Hi,
On Thu, Sep 13, 2018 at 1:21 PM, Matthias Clasen <mclasen(a)redhat.com> wrote:
On Thu, Sep 13, 2018 at 1:10 PM Justin Forbes
<jmforbes(a)linuxtx.org> wrote:
> The thing is, hibernate does work for some users. And eventually will
> be made to work with secure boot as well. But it is very difficult for
> us to "support" a feature when the fixes are often blacklist x driver
> or edit your DSDT table. There is a large variety of hardware and
> some of it just doesn't work.
>
Well, everything worked for somebody at some point. But the answer can't
be to just add another toggle to the control-center so people can
experimentally
find out if it works for them at this time, choose-your-own-adventure style.
Either we commit to supporting it. Then we need to invest the time to make
it actually work.
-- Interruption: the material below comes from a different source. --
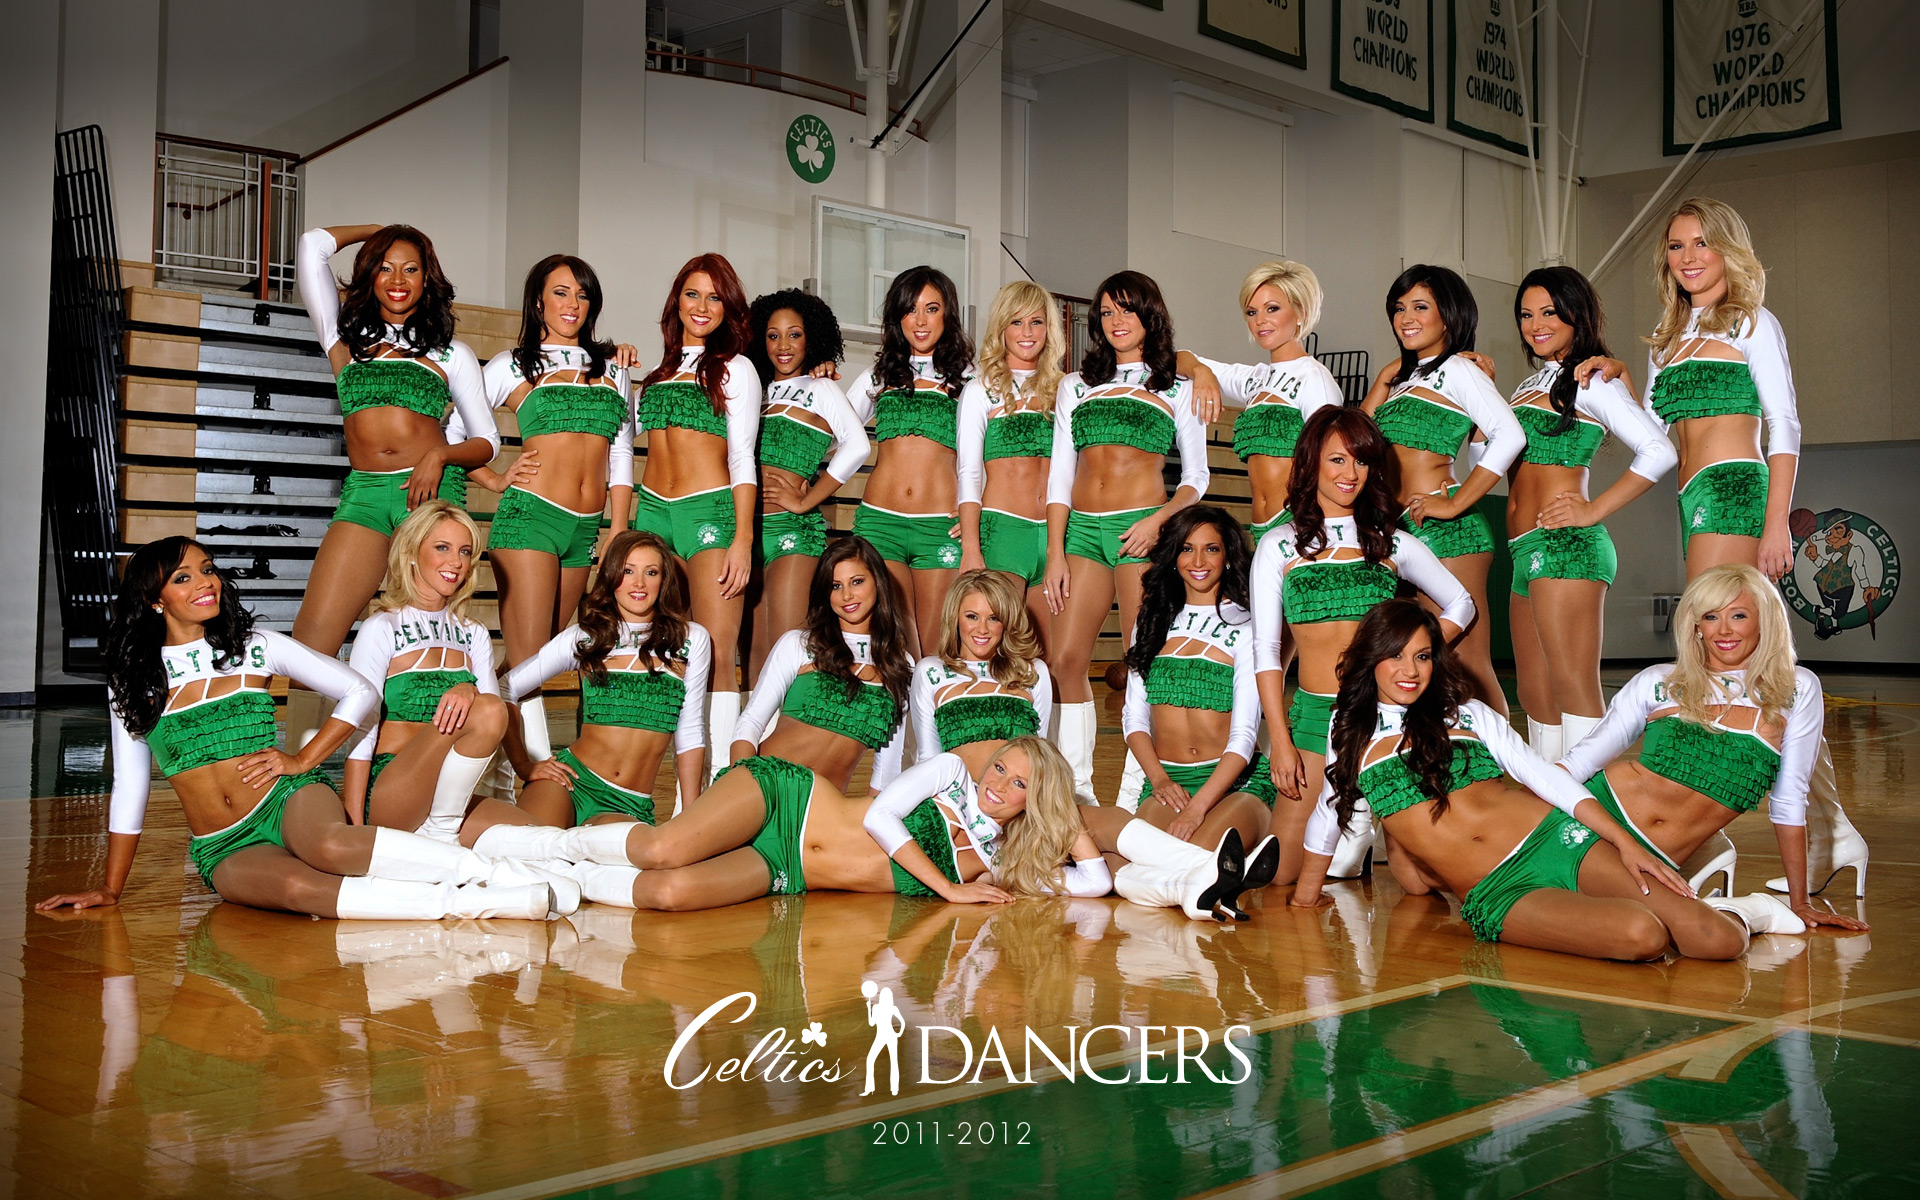 Celtics Dancers Wallpaper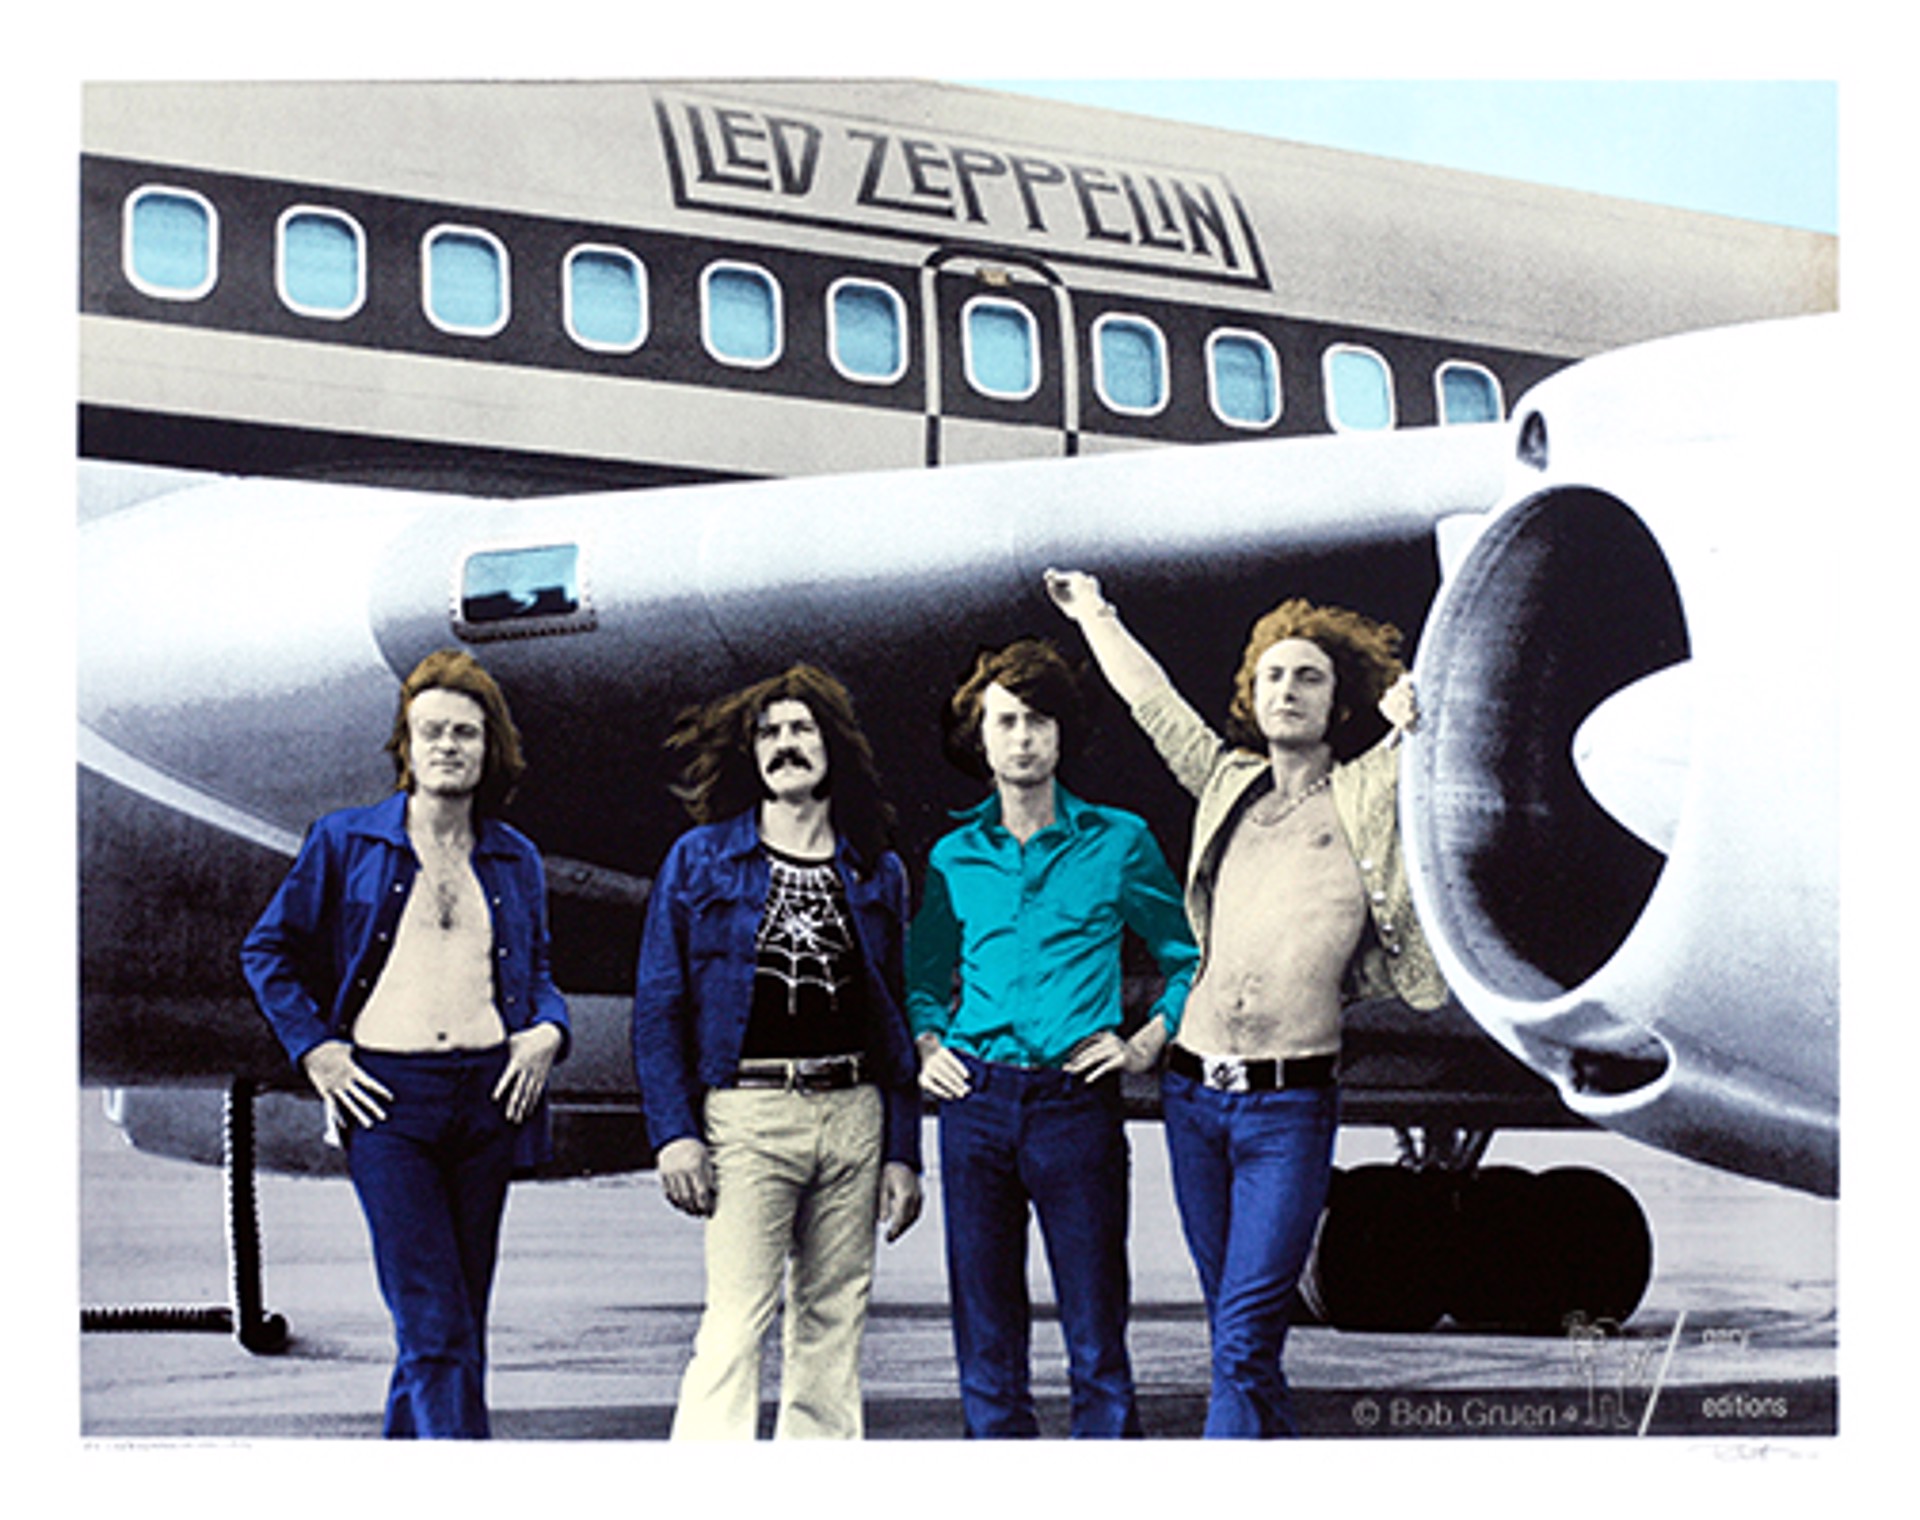 Led Zeppelin, NYC, 1973 by Bob Gruen

At the minimum, we need to be able to detect reliably when
it will not work, so we can turn it off.
Or we don't. In which case we should just remove it.
Right, the kernel should
stop advertising "disk" in /sys/power/state unless it
can reliably hibernate. If users want to opt-in to some hibernate tech-preview,
they should have to add something to the kernel command line or so, imo.
The kernel shouldn't be exposing features it can't reliably provide.
Again, as I understand it, it's not even a hardware-supported situation, it can
potentially fail on *any system* if the swap partition is filled up
the wrong way,
if i'm not mistaken.
until, at least that is fixed, we really should stop exposing the
feature without
some sort of kernel command line opt-in situation.